4

I have 3 arrays: a, b, c all with length 15.

a=[950, 850, 750, 675, 600, 525, 460, 400, 350, 300, 250, 225, 200, 175, 150] 

b = [16, 12, 9, -35, -40, -40, -40, -45, -50, -55, -60, -65, -70, -75, -80]

c=[32.0, 22.2, 12.399999999999999, 2.599999999999998, -7.200000000000003, -17.0, -26.800000000000004, -36.60000000000001, -46.400000000000006, -56.2, -66.0, -75.80000000000001, -85.60000000000001, -95.4, -105.20000000000002] 

I am trying to find the value of a at the index where b=c. T

The problem is that there is no place where b=c exactly so I need to linearly interpolate between values in the array to find the value of a where b=c. Does that make sense?

I was thinking about using scipy.interpolate to do the interpolation.

I am having a hard time wrappying my mind around how to solve this problem. Any ideas on this would be great!

Warren Weckesser
  • 110,654
  • 19
  • 194
  • 214
HM14
  • 689
  • 1
  • 10
  • 30
  • Can you add some examples of arrays `a`, `b`, and `c`? – Christian Ternus Sep 12 '16 at 19:31
  • `b = [16, 12, 9, -35, -40, -40, -40, -45, -50, -55, -60, -65, -70, -75, -80])` `c=[32.0, 22.2, 12.399999999999999, 2.599999999999998, -7.200000000000003, -17.0, -26.800000000000004, -36.60000000000001, -46.400000000000006, -56.2, -66.0, -75.80000000000001, -85.60000000000001, -95.4, -105.20000000000002]` `a=[950, 850, 750, 675, 600, 525, 460, 400, 350, 300, 250, 225, 200, 175, 150]` – HM14 Sep 12 '16 at 19:34
  • Define ```interpolate linearily``` (what do you mean? linear-regression on all points; piecewise-linear? is it a valid assumption in regards to the data?...). Also: instead of adding this example as comment, edit your question and format it nicely! – sascha Sep 12 '16 at 21:07
  • Linear interpolation: https://en.wikipedia.org/wiki/Linear_interpolation. In particular, see "Linear interpolation of a data set": https://en.wikipedia.org/wiki/Linear_interpolation#Interpolation_of_a_data_set – Warren Weckesser Sep 12 '16 at 21:50

3 Answers3

3

Here's simpler variation of a function from another answer of mine:

from __future__ import division

import numpy as np


def find_roots(t, y):
    """
    Given the input signal `y` with samples at times `t`,
    find the times where `y` is 0.

    `t` and `y` must be 1-D numpy arrays.

    Linear interpolation is used to estimate the time `t` between
    samples at which sign changes in `y` occur.
    """
    # Find where y crosses 0.
    transition_indices = np.where(np.sign(y[1:]) != np.sign(y[:-1]))[0]

    # Linearly interpolate the time values where the transition occurs.
    t0 = t[transition_indices]
    t1 = t[transition_indices + 1]
    y0 = y[transition_indices]
    y1 = y[transition_indices + 1]
    slope = (y1 - y0) / (t1 - t0)
    transition_times = t0 - y0/slope

    return transition_times

That function can be used with t = a and y = b - c. For example, here is your data, entered as numpy arrays:

In [354]: a = np.array([950, 850, 750, 675, 600, 525, 460, 400, 350, 300, 250, 225, 200, 175, 150])

In [355]: b = np.array([16, 12, 9, -35, -40, -40, -40, -45, -50, -55, -60, -65, -70, -75, -80])

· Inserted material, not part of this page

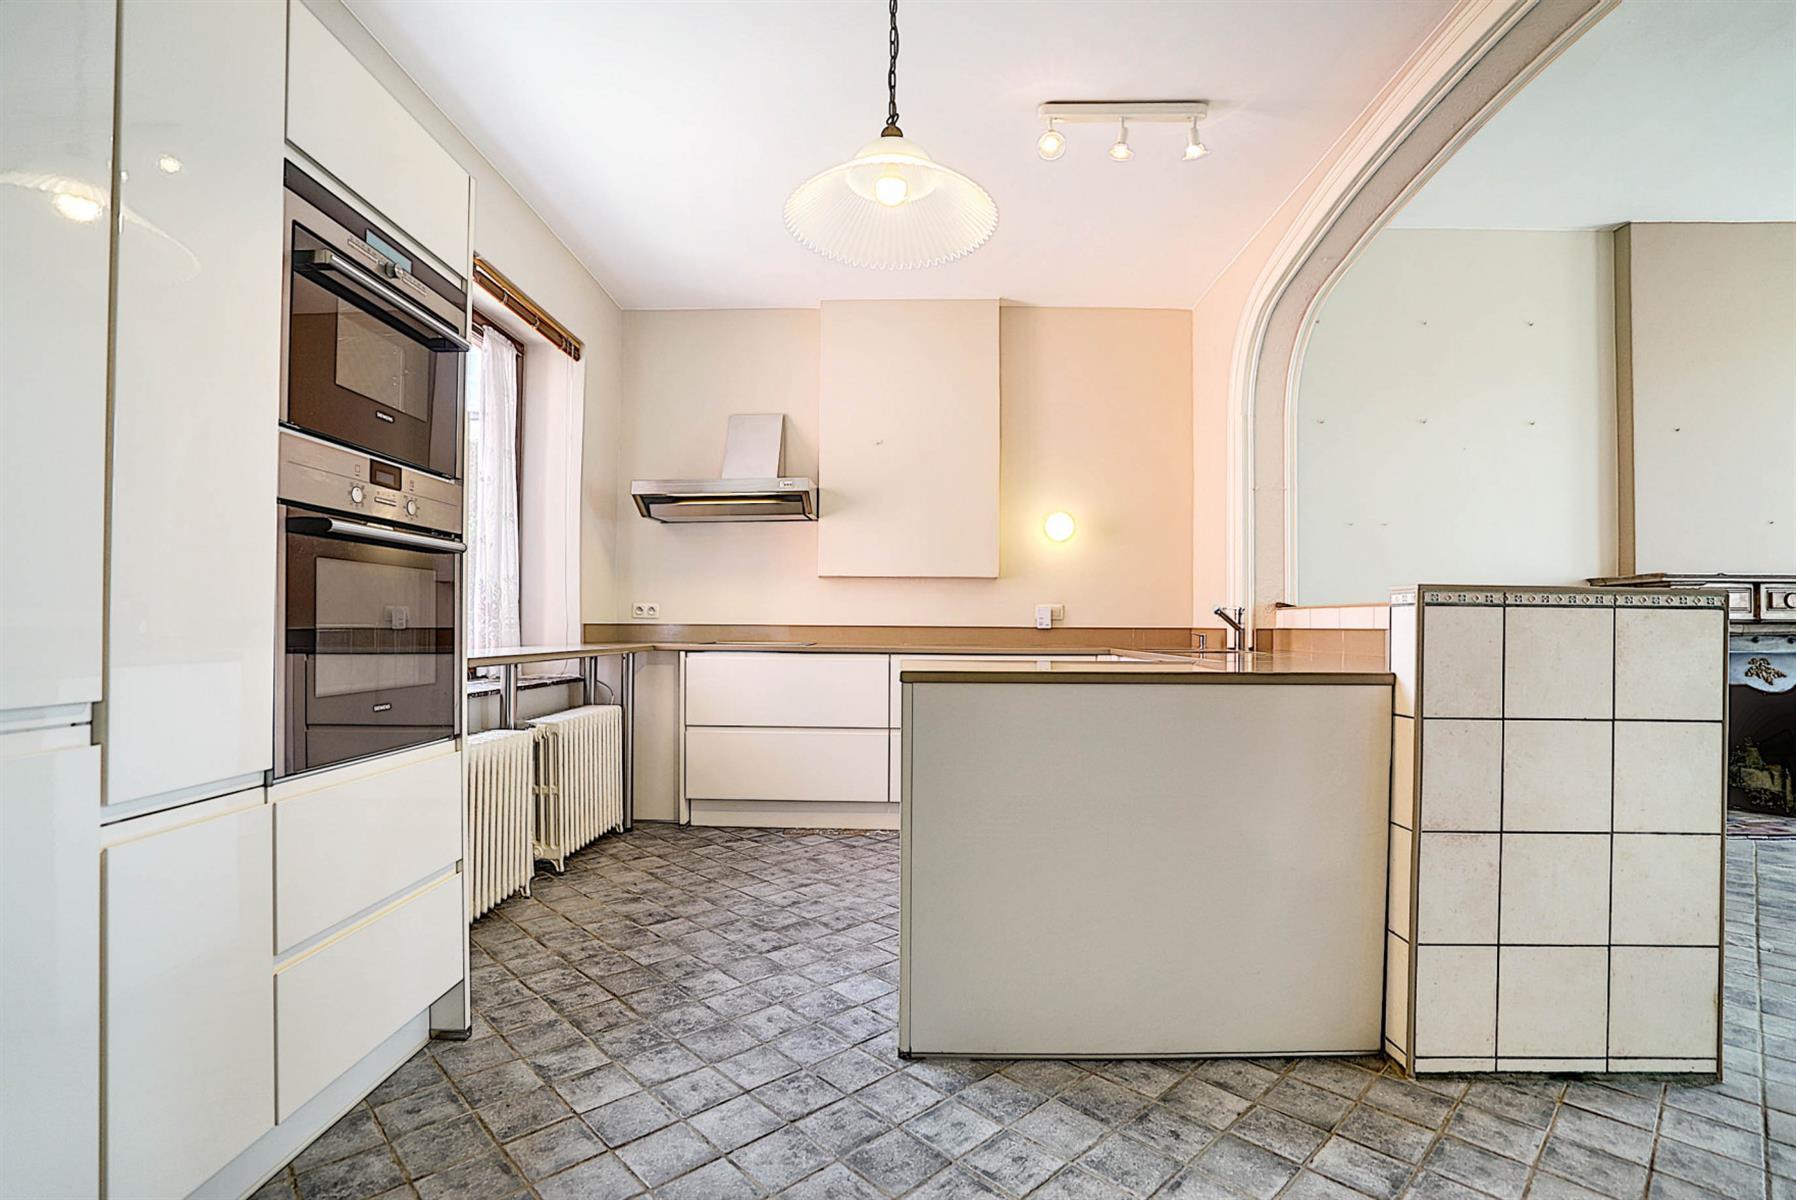 Maison - Bousval - #4131618-2
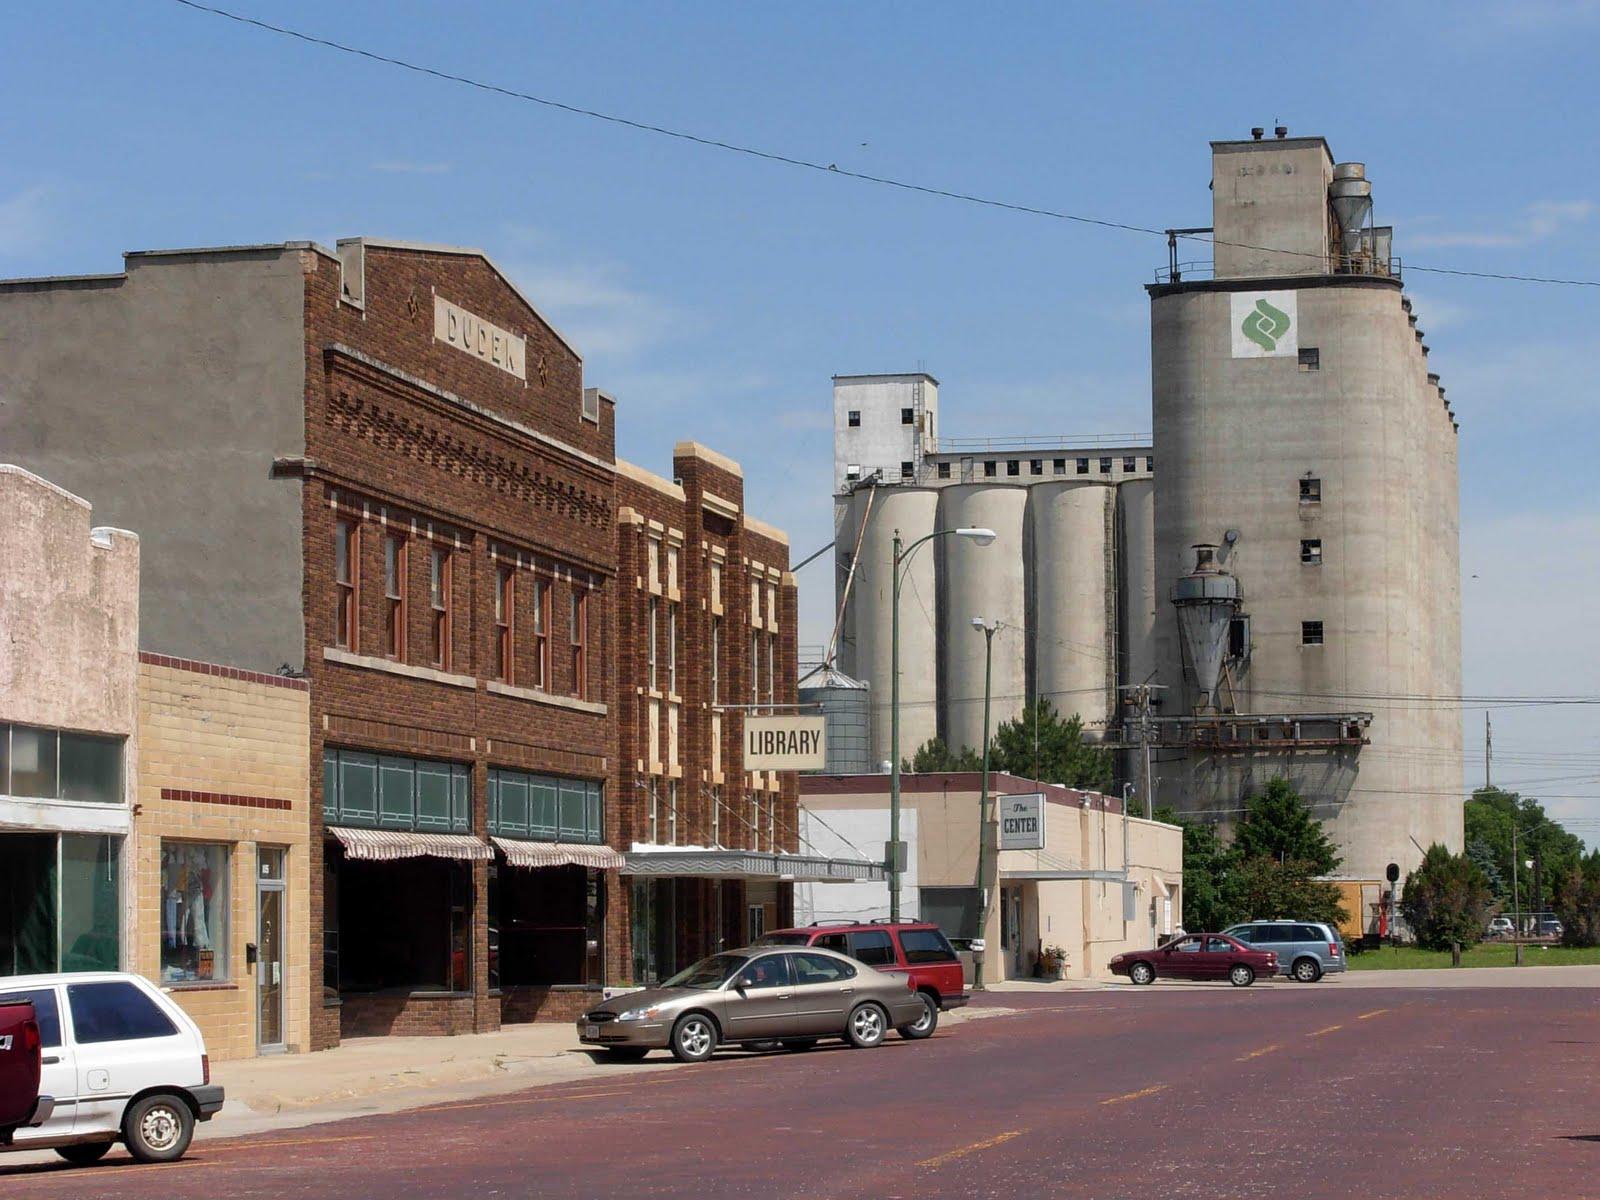 Railroad + grain silos + townschuyler town

In [356]: c = np.array([32.0, 22.2, 12.399999999999999, 2.599999999999998, -7.200000000000003, -17.0, -26.800000000000004, -3
     ...: 6.60000000000001, -46.400000000000006, -56.2, -66.0, -75.80000000000001, -85.60000000000001, -95.4, -105.2000000000
     ...: 0002])

The place where "b = c" is the place where "b - c = 0", so we pass b - c for y:

In [357]: find_roots(a, b - c)
Out[357]: array([ 312.5])

So the linearly interpolated value of a is 312.5.

With the following matplotlib commands:

In [391]: plot(a, b, label="b")
Out[391]: [<matplotlib.lines.Line2D at 0x11eac8780>]

In [392]: plot(a, c, label="c")
Out[392]: [<matplotlib.lines.Line2D at 0x11f23aef0>]

In [393]: roots = find_roots(a, b - c)

In [394]: [axvline(root, color='k', alpha=0.2) for root in roots]
Out[394]: [<matplotlib.lines.Line2D at 0x11f258208>]

In [395]: grid()

In [396]: legend(loc="best")
Out[396]: <matplotlib.legend.Legend at 0x11f260ba8>

In [397]: xlabel("a")
Out[397]: <matplotlib.text.Text at 0x11e71c470>

I get the plot

plot

Community
  • 1
  • 1
Warren Weckesser
  • 110,654
  • 19
  • 194
  • 214
1

This is not necessarily a solution to your problem, since your data does not appear to be linear, but it might give you some ideas. If you assume that your lines a, b, and c are linear, then the following idea works:

Perform a linear regression of lines a, b and c to get their respective slopes (m_a, m_b, m_c) and y-intercepts (b_a, b_b, b_c). Then solve the equation 'y_b = y_c' for x, and find y = m_a * x + b_a to get your result.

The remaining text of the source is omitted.